- Born: 7 May 1969
- Died: 8 January 2006 (aged 36)

= Raatbek Sanatbayev =

Kyrgyzstani wrestler and politician

Raatbek Sanatbayev (7 May 1969 – 8 January 2006 in Bishkek, Kyrgyzstan) was a Kyrgyz Greco-Roman wrestler who competed in the Men's Greco-Roman 82 kg at the 1996 Summer Olympics and the Men's Greco-Roman 85 kg at the 2000 Summer Olympics. He won the bronze medal at the 1999 World Championships, and won the Asian Championship in 1999 and 2000, silver medals in the 1995 and 1997 Asian Championships and 1994 and 1998 Asian Games, and a bronze medal at the 1996 Asian Championships.

After retiring from the sport, he ran to become the head of the Kyrgyz Olympic Committee, recently vacated after the murder of Bayaman Erkinbayev the previous September. He was assassinated in 2006.

== Death ==
On 8 January 2006, while Sanatbayev was getting out of a car near a shopping center, two men attacked him, with one shooting him in the head. He died in hospital.

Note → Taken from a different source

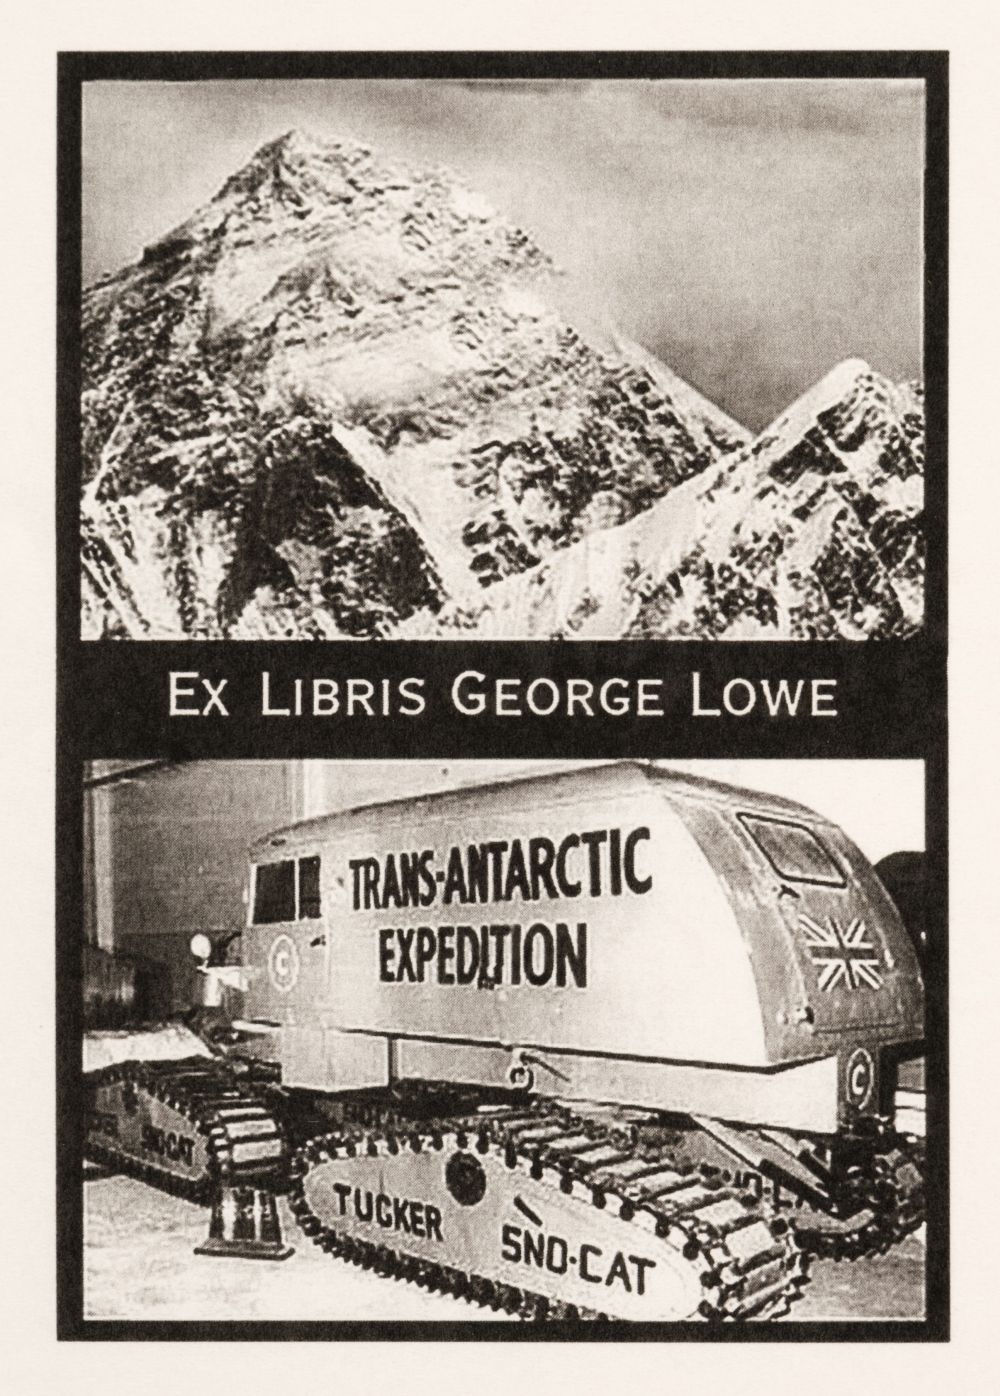 Lowe (George, 1924-2013). Collection of 40 mountaineering books ex libris George Lowe

=== Criminal investigation ===
Aldoyar Ismankulov, the National Security Service chief for organized crime, was arrested for the murder within a few weeks, then released and eventually acquitted. Two other suspects were arrested on 2 February. But finally, on 16 April, it was announced that Kuban Jodoshev, who was allegedly responsible for seven murders including Sanatbayev's, was killed during a special police operation in Bishkek.

Sanatbayev had been outspoken in his criticism of fellow-candidate, Ryspek Akmatbaev, a former boxer, businessman, and head of the Kyrgyzstan Fencing Federation, who was at the time on trial for murder, but was later acquitted. Akmatbaev went on to run for parliament in April - he won the election but was not seated because of his alleged criminal ties - when, on 14 May, he was also murdered.